- **Try it**:
Print the listing below exactly, minus its pictures.

- **Data**:
◆ ◆ ◆ ◆ ◆ ◆ ◆
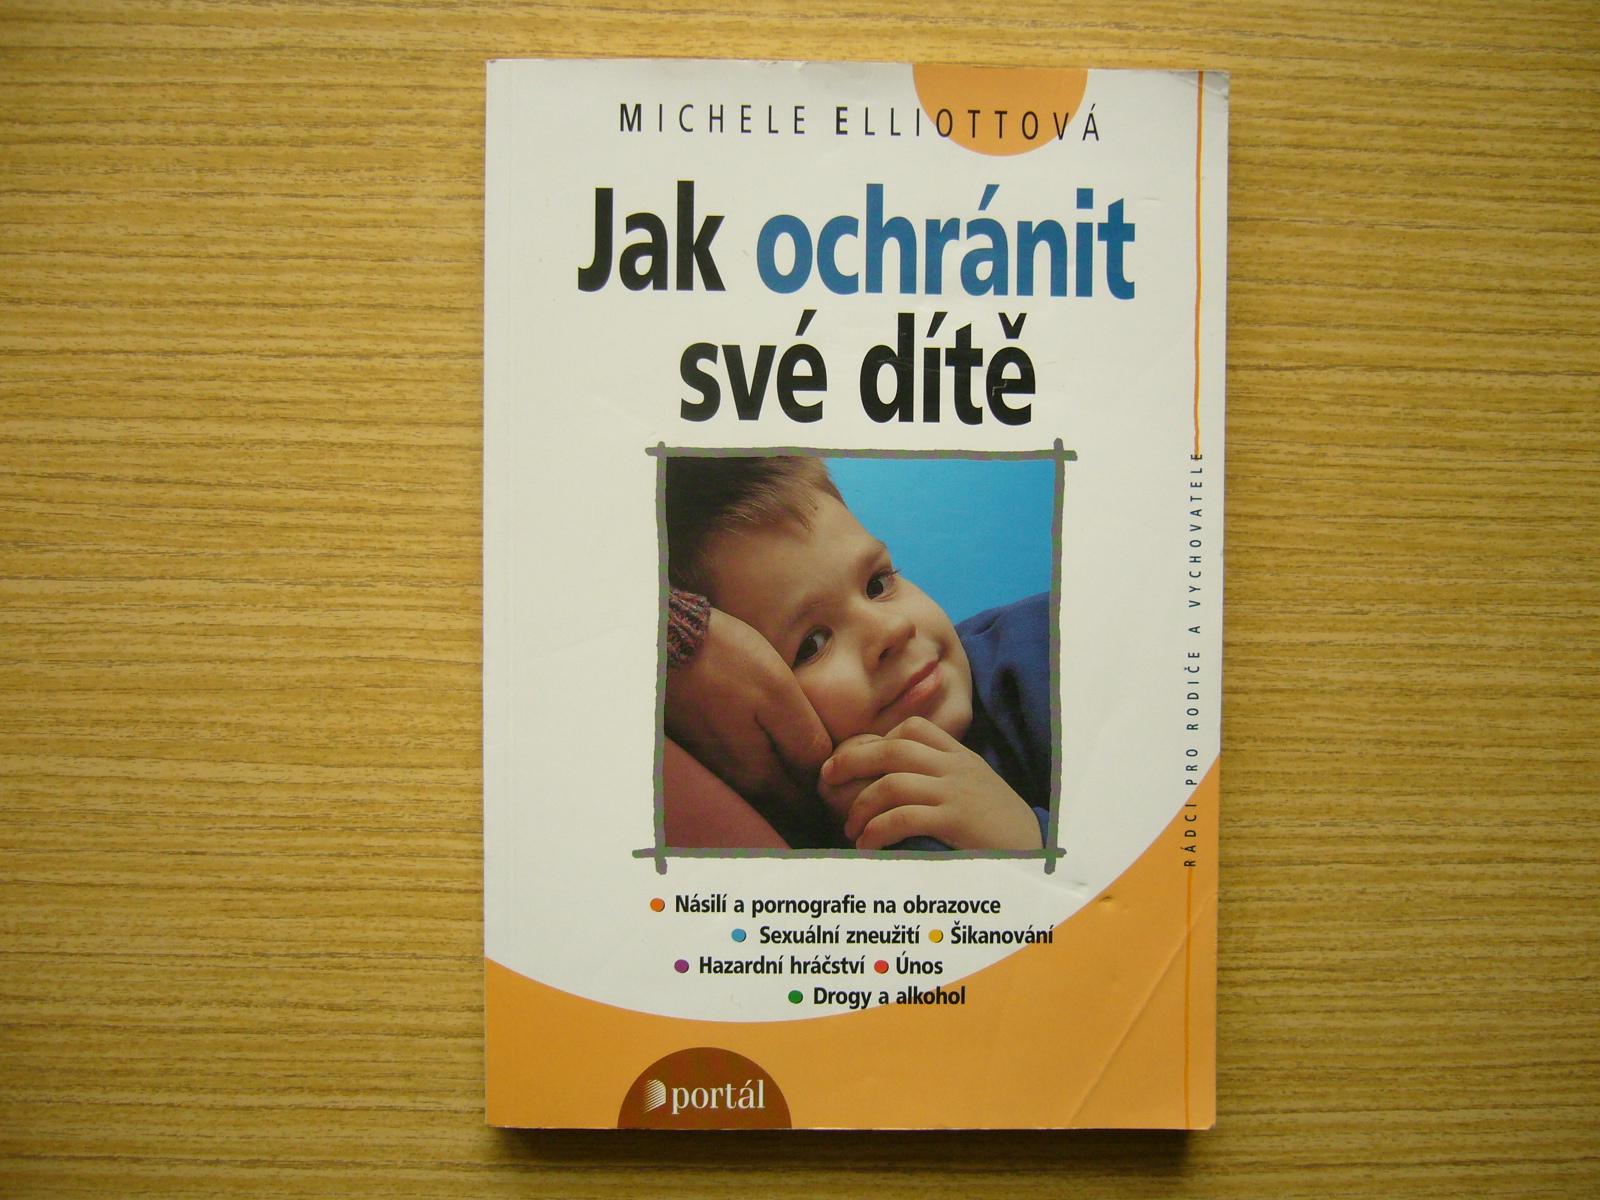 M. Elliottová - Ako ochrániť svoje dieťa | 2000 -a - Knihy
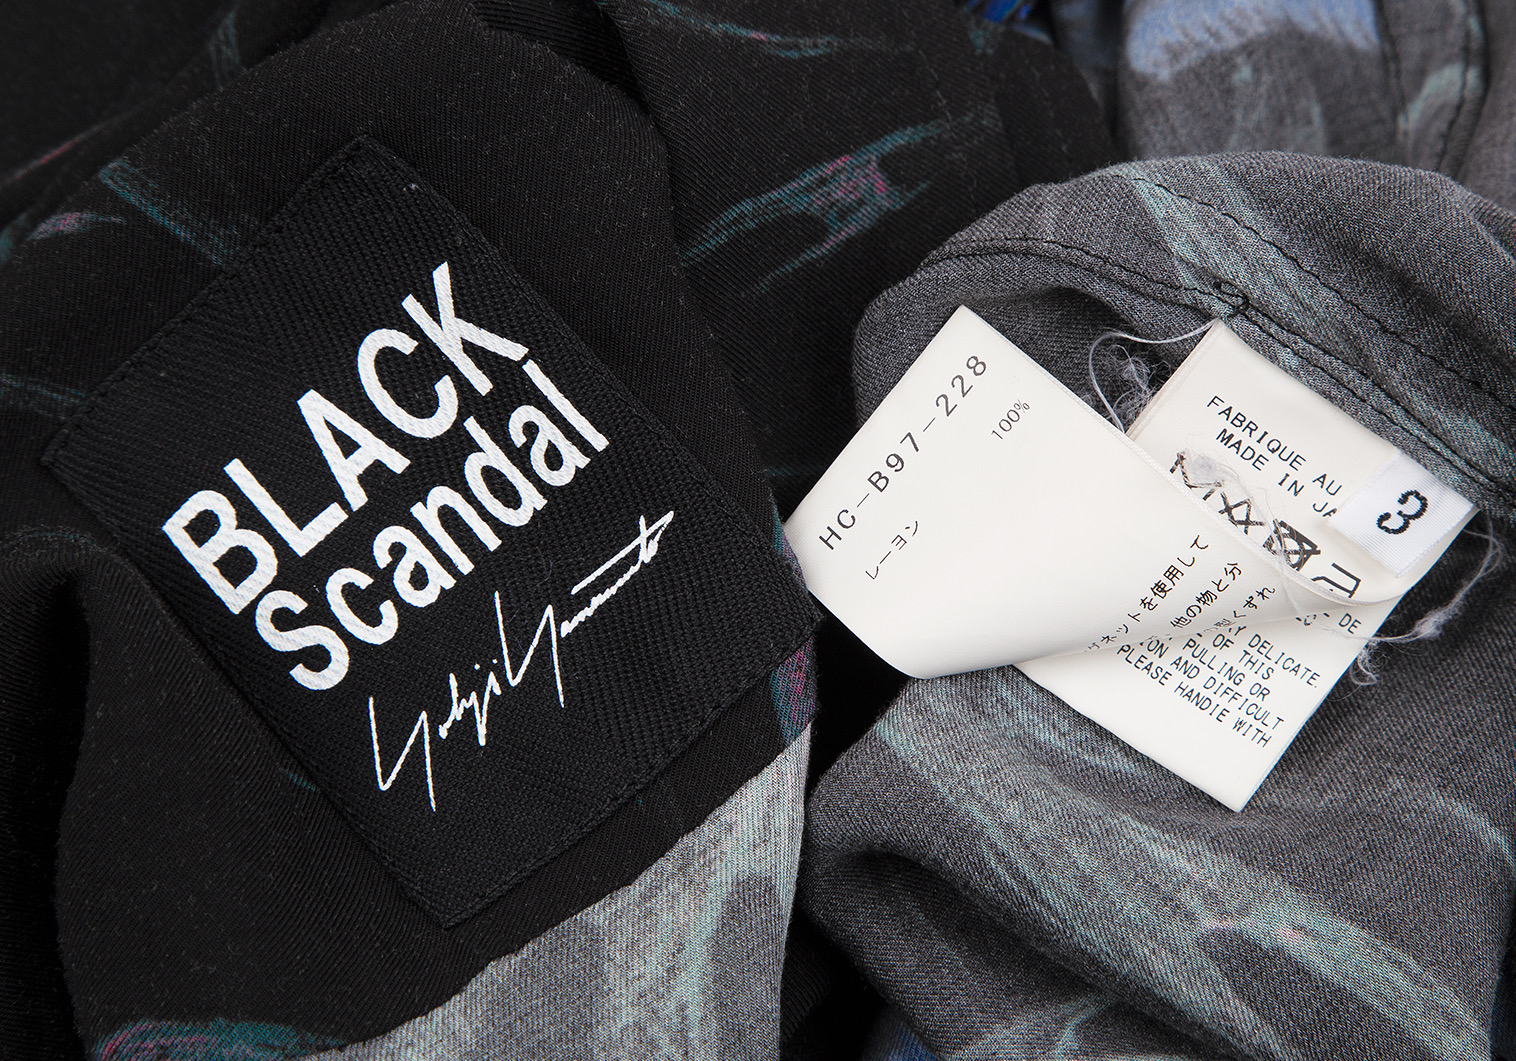 Yohji Yamamoto ロングシャツ サイズ3 黒 ブラック
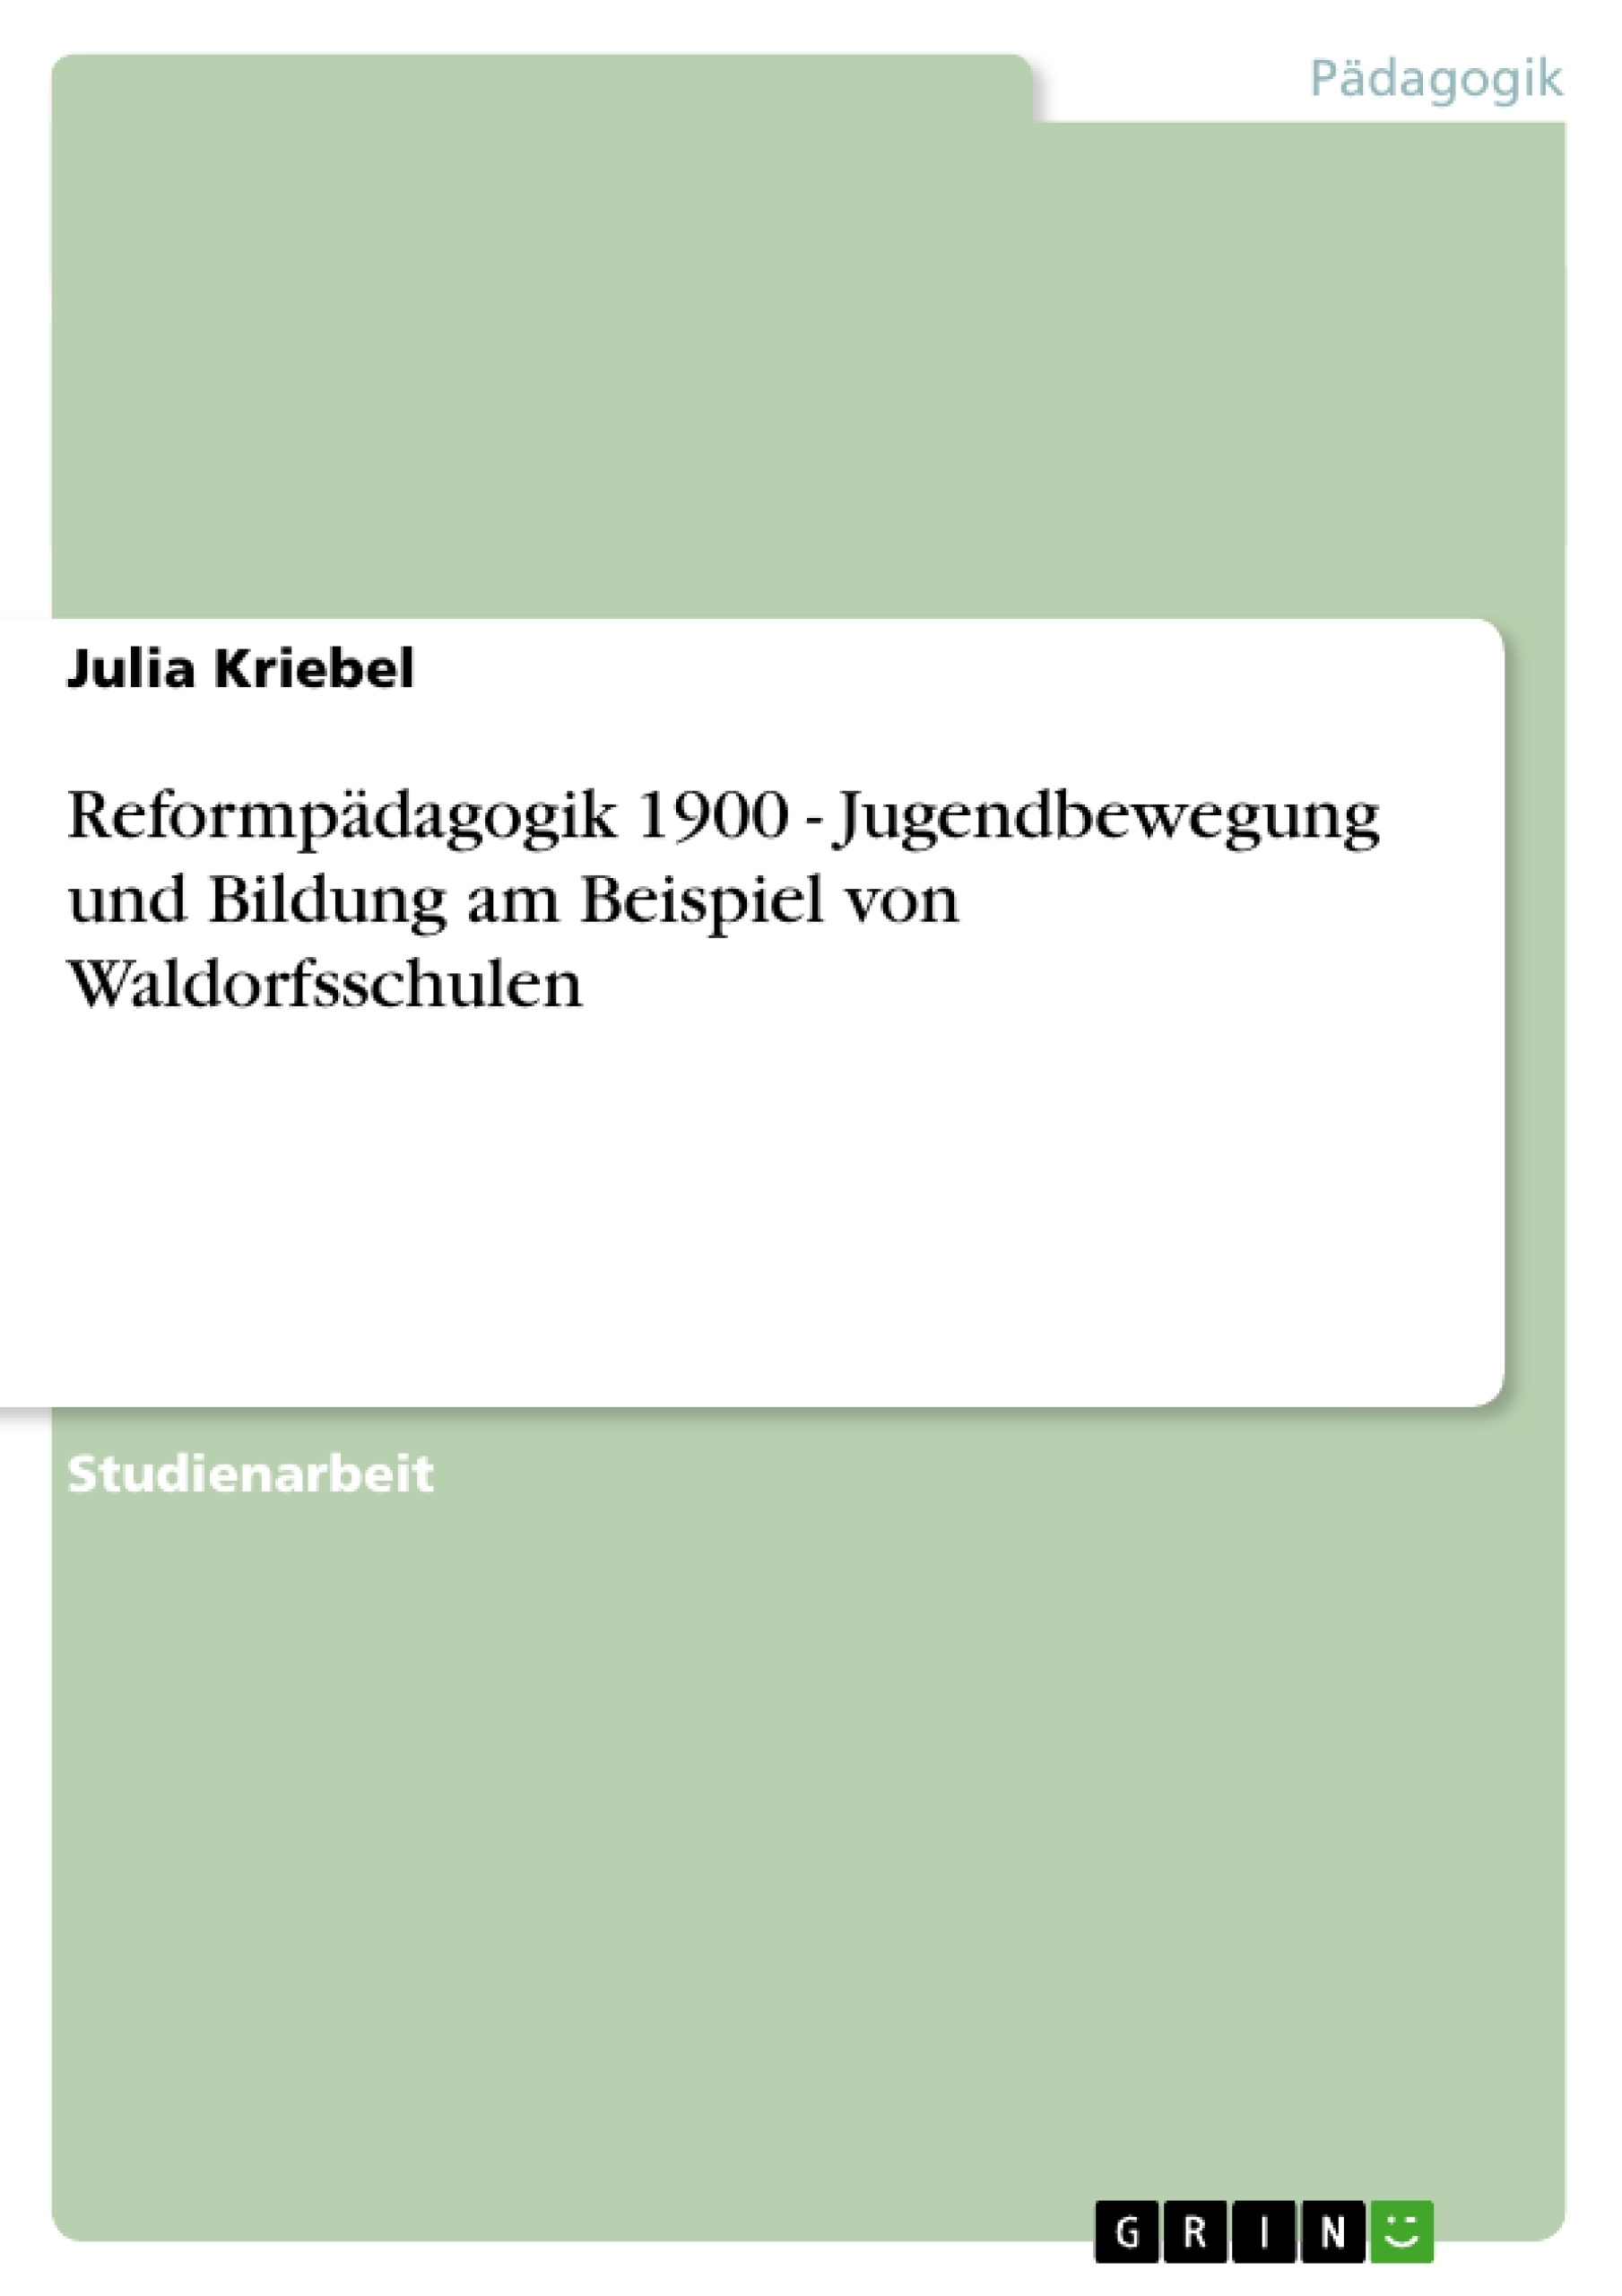 Title: Reformpädagogik 1900 - Jugendbewegung und Bildung am Beispiel von Waldorfsschulen
◆ ◆ ◆ ◆ ◆ ◆ ◆
- **Exercise response**:
 M. Elliottová - Ako ochrániť svoje dieťa | 2000 -a - Knihy
 Yohji Yamamoto ロングシャツ サイズ3 黒 ブラック
 Title: Reformpädagogik 1900 - Jugendbewegung und Bildung am Beispiel von Waldorfsschulen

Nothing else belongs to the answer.